Cytokinins and ethylene control plant development via sensors from the histidine kinase (HK) family. However, downstream signaling pathways for the key phytohormones are distinct. Here we report that not only cytokinin but also ethylene is able to control root apical meristem (RAM) size through activation of the multistep phosphorelay (MSP) pathway. We found that both cytokinin and ethylene-dependent RAM shortening requires ethylene binding to ETR1 and the HK activity of ETR1. The receiver domain of ETR1 interacts with MSP signaling intermediates acting downstream of cytokinin receptors, further substantiating the role of ETR1 in MSP signaling. We revealed that both cytokinin and ethylene induce the MSP in similar and distinct cell types with ETR1-mediated ethylene signaling controlling MSP output specifically in the root transition zone. We identified members of the MSP pathway specific and common to both hormones and showed that ETR1-regulated ARR3 controls RAM size. ETR1-mediated MSP spatially differs from canonical CTR1/EIN2/EIN3 ethylene signaling and is independent of EIN2, indicating that both pathways can be spatially and functionally separated. Furthermore, we demonstrated that canonical ethylene signaling controls MSP responsiveness to cytokinin specifically in the root transition zone, presumably via regulation of ARR10, one of the positive regulators of MSP signaling in Arabidopsis.

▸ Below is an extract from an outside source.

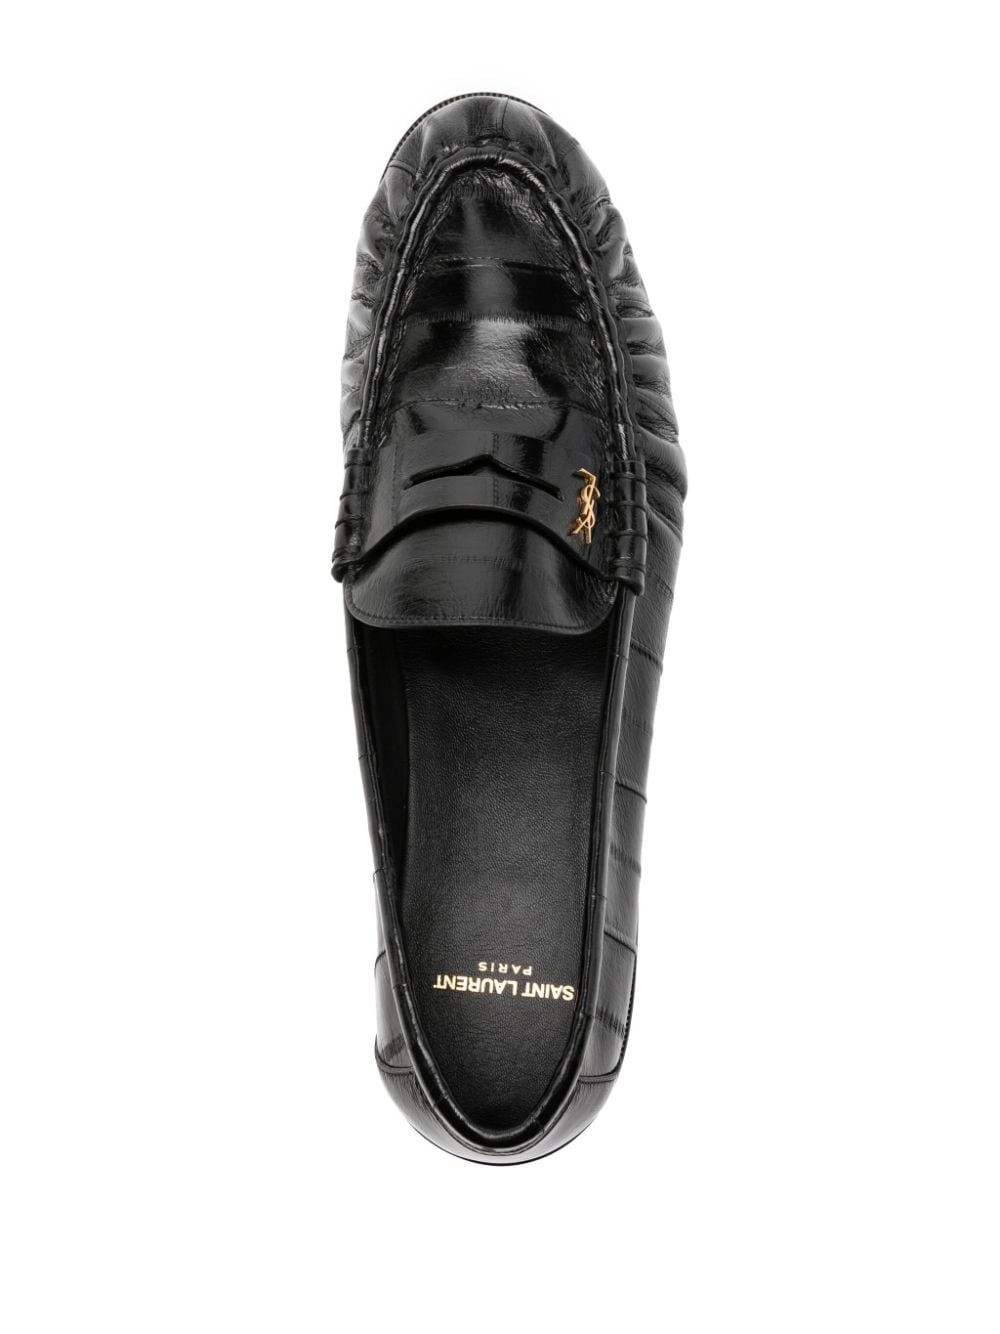 logo-plaque leather loafers - 4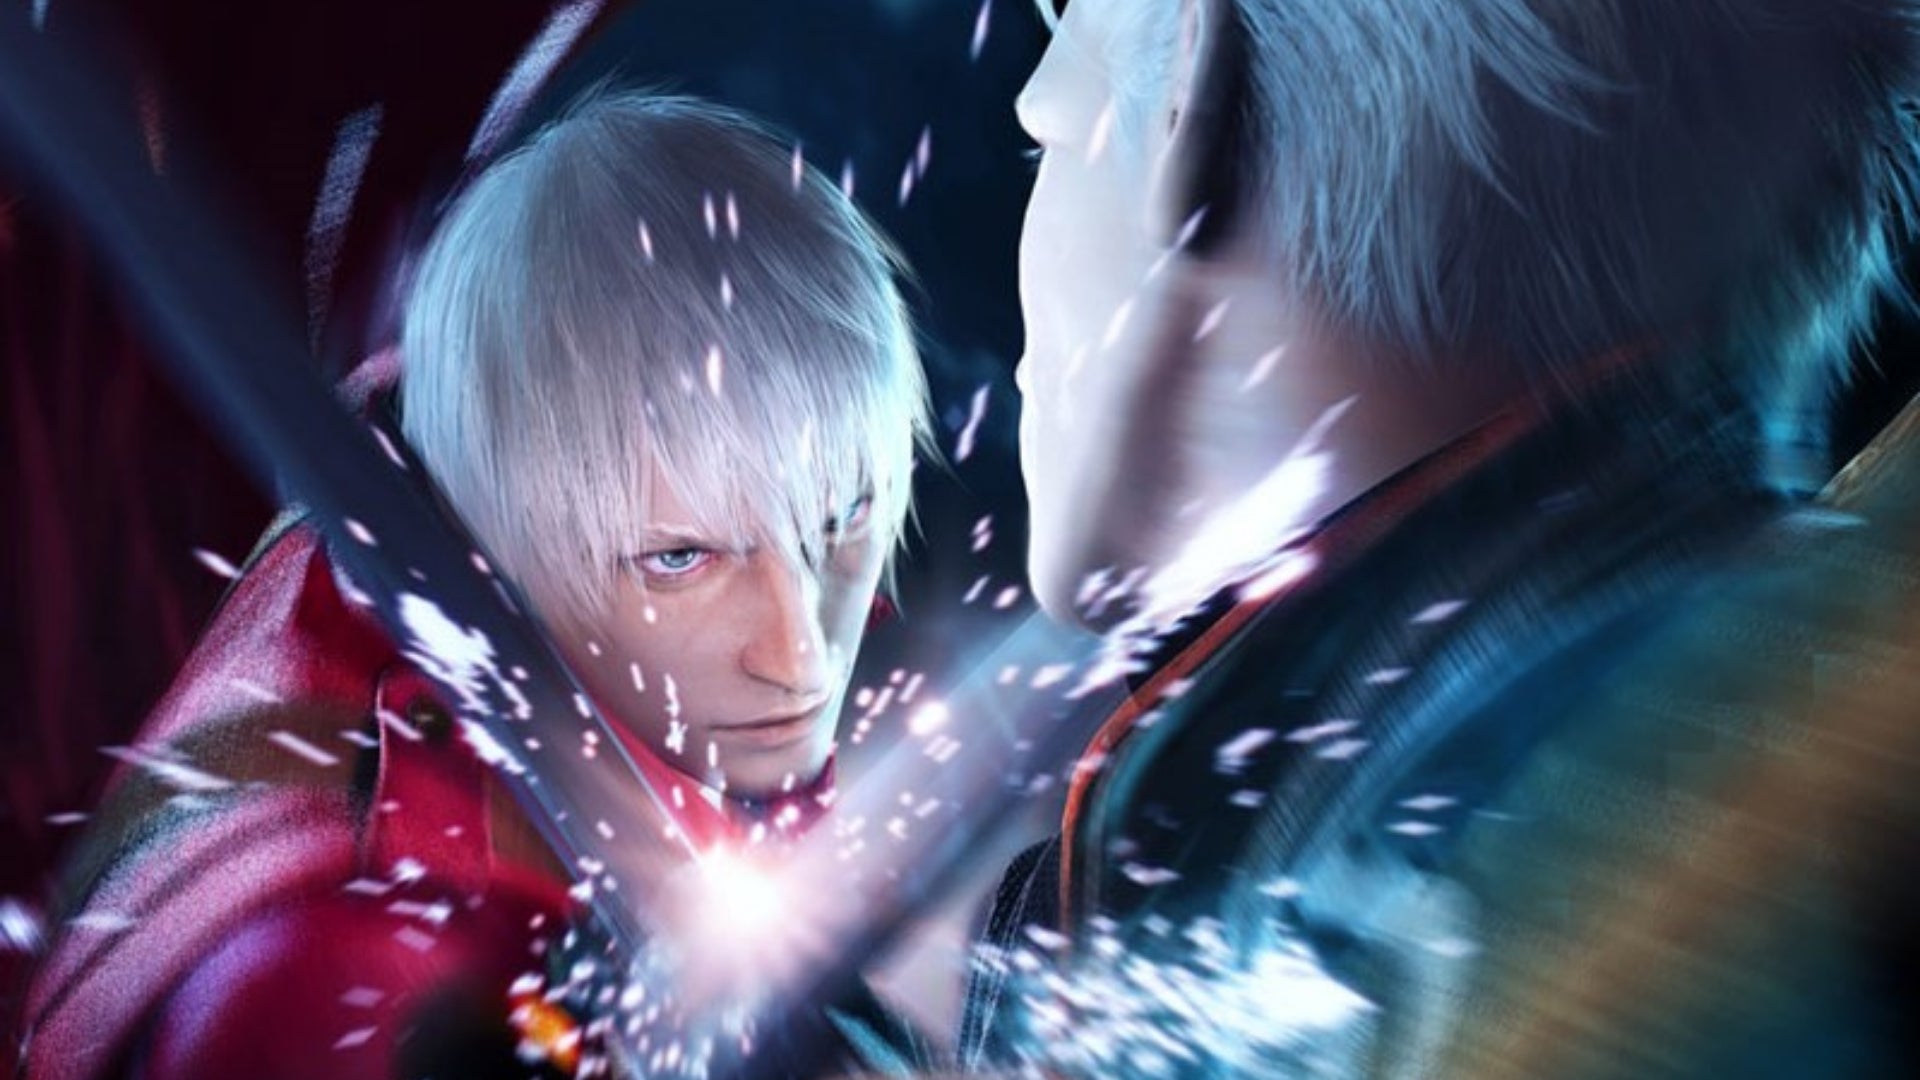 Devil May Cry 3 artwork featuring Dante and Vergil

细胞分裂素和乙烯通过组氨酸激酶 (HK) 家族的传感器控制植物发育。然而，关键植物激素的下游信号通路是不同的。在这里，我们报告不仅细胞分裂素而且乙烯能够通过激活多步磷酸层 (MSP) 途径来控制根尖分生组织 (RAM) 的大小。我们发现细胞分裂素和乙烯依赖性 RAM 缩短都需要乙烯与 ETR1 结合和 ETR1 的 HK 活性。ETR1 的接收域与作用于细胞分裂素受体下游的 MSP 信号传导中间体相互作用，进一步证实了 ETR1 在 MSP 信号传导中的作用。我们发现细胞分裂素和乙烯都在相似和不同的细胞类型中诱导 MSP，ETR1 介导的乙烯信号传导控制 MSP 输出，特别是在根过渡区。ARR3控制 RAM 大小。ETR1 介导的 MSP 在空间上不同于经典的 CTR1/EIN2/EIN3 乙烯信号传导，并且独立于 EIN2，表明这两种途径在空间和功能上都可以分离。此外，我们证明了典型的乙烯信号在根过渡区特别控制 MSP 对细胞分裂素的反应，可能是通过调节ARR10 ，ARR10 是拟南芥中 MSP 信号的正调节因子之一。